Acharnement non-thérapeutique (sur Borloo)

Je crois que je devrais plutôt en rire. Jean-Louis Borloo, bonimenteur de foire virtuose, ami de longue date de Bernard Tapie – entre bateleurs, on se comprend -, ministre m’as-tu-vu de l’Écologie parce que Juppé lui a laissé la place contraint et forcé en 2007, Borloo ne cesse de jongler. On peut applaudir, et c’est d’ailleurs ce qu’ont fait depuis trois ans les malheureux écologistes officiels et patentés du Grenelle de l’Environnement, cette farce grandiose. En échange d’un plat de lentilles, dont il y a fort à parier qu’elles n’étaient pas même bio, nos écolos de ministère ont aidé Borloo à se forger une image d’écologiste.

Encore bravo à FNE, la fondation Hulot, Greenpeace, le WWF pour ne prendre que les principales associations de ce Barnum de seconde catégorie. Regrettent-ils ? Pas même. Elles sont déjà passées à autre chose, car leur temps est celui du monde existant, médiatique, immédiat, sans jamais aucun retour en arrière. Ma foi. J’aimerais croire qu’un jour, quelqu’un leur demandera des comptes sur ces années perdues qui ne reviendront pas. Mais j’en doute, franchement. Le probable est que tout sera jeté à la benne du temps qui passe. Et ce sera tout.

Borloo est un triste monsieur, quoi qu’en disent ses nombreux amis.
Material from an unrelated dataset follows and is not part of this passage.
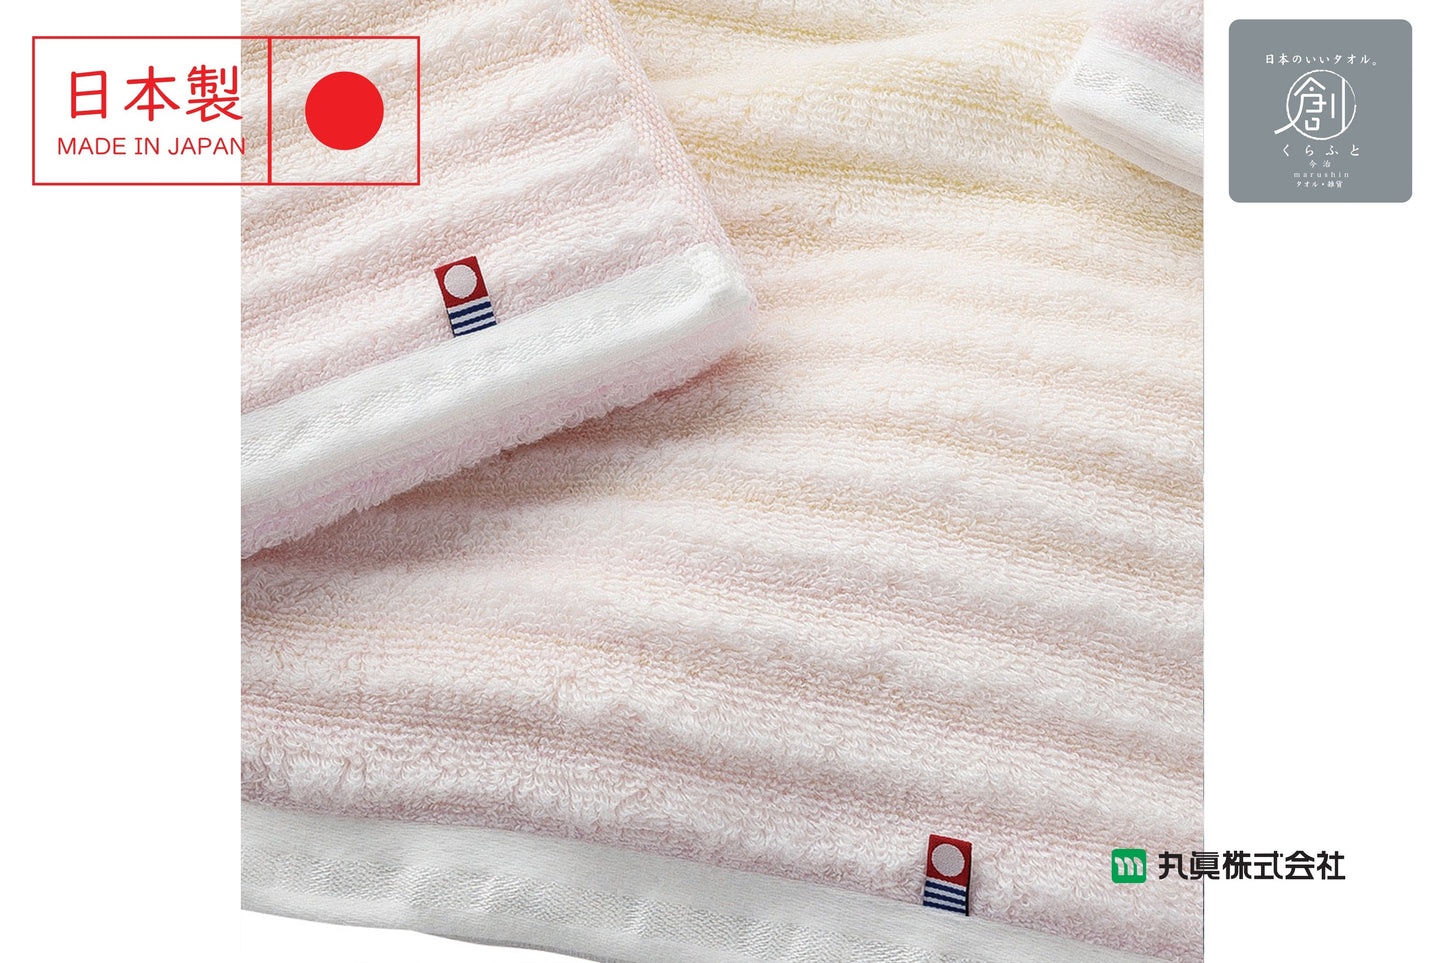 Imabari "Craft" Star plus Shine Zero Twist Towel

Il sait taper dans le dos, promettre la lune à l’imbécile de service, boire un verre en explosant de rire. Ce qui s’appelle entourlouper. Ses deux derniers coups d’éclats sont fameux, croyez-en mon expérience. J’ai beaucoup vu de bluffeurs, il m’est arrivé dans une autre vie d’en affronter au poker, mais Borloo est un maître. Alors qu’il avait annoncé en octobre 2007 – gros titre du journal Le Monde au moment fatidique du Grenelle – que les programmes autoroutiers étaient terminés, voilà qu’il vient d’en débloquer trois, et d’importance (ici). Il a eu l’intelligence du joueur, qui tient parfois à la diversion, profitant du fracas autour de l’affaire Woerth-Bettencourt. Voyou un jour, voyou toujours.

Autre merveille : la disparition des niches fiscales dites vertes. C’est assez génial, dans le genre. La taxe carbone ayant sombré dans les oubliettes, il restait des avantages fiscaux qui ne changeaient rien au fond, mais permettaient au moins un affichage bien venu. Zou ! Dans la cuvette. On tire la chasse d’eau et on sourit aux caméras, comme si de rien n’était. Borloo devrait faire s’envoler à lui seul deux milliards d’euros de « niches vertes » (lire ici). Est-ce un flag’ ? Bien sûr. Borloo va racontant depuis qu’il a été nommé en 2007 que la planète est exsangue. Si elle l’était à ses yeux, réellement, il va de soi qu’il ne considèrerait pas l’écologie comme une variable d’ajustement de la politique gouvernementale. Mais comme il s’en fout absolument, comme elle n’a jamais été conçue par lui autrement que comme un éventuel marchepied vers Matignon et le poste de Premier ministre, il tente de convaincre son maître qu’il est le meilleur élève de cette classe de médiocres et de corrompus. Et il y parviendra probablement. Peut-être à l’aide de Greenpeace, du WWF, de la fondation Hulot et de FNE.  Voyons, ce cher Jean-Louis n’est-il pas des leurs ?

Comment marche la presse

J’écoutais l’autre soir, pas plus tard que jeudi, Rony  Brauman sur France Culture. Brauman, que je n’ai jamais rencontré, a été le président de Médecins sans frontières, et je l’ai toujours entendu dire des choses percutantes, pertinentes, dérangeantes. Brauman est à l’opposé de ces humanitaires qui ne pensent qu’à la structure – la leur -, au blé, aux caméras. Il pense, ce qui fait tache. Mais jeudi soir, j’ai été pris d’un malaise. Le propos avait pour cadre l’émission Du grain à moudre, vers 18h30, et par extraordinaire, elle était intéressante. On y parlait du rôle si étrange, et pour tout dire, inquiétant, de l’Organisation mondiale de la santé (OMS) dans la lutte contre la grippe porcine, dite H1N1. Mais à un moment, Julie Clarini a parlé du climat, et Brauman, à mes yeux en tout cas, a dérapé en live.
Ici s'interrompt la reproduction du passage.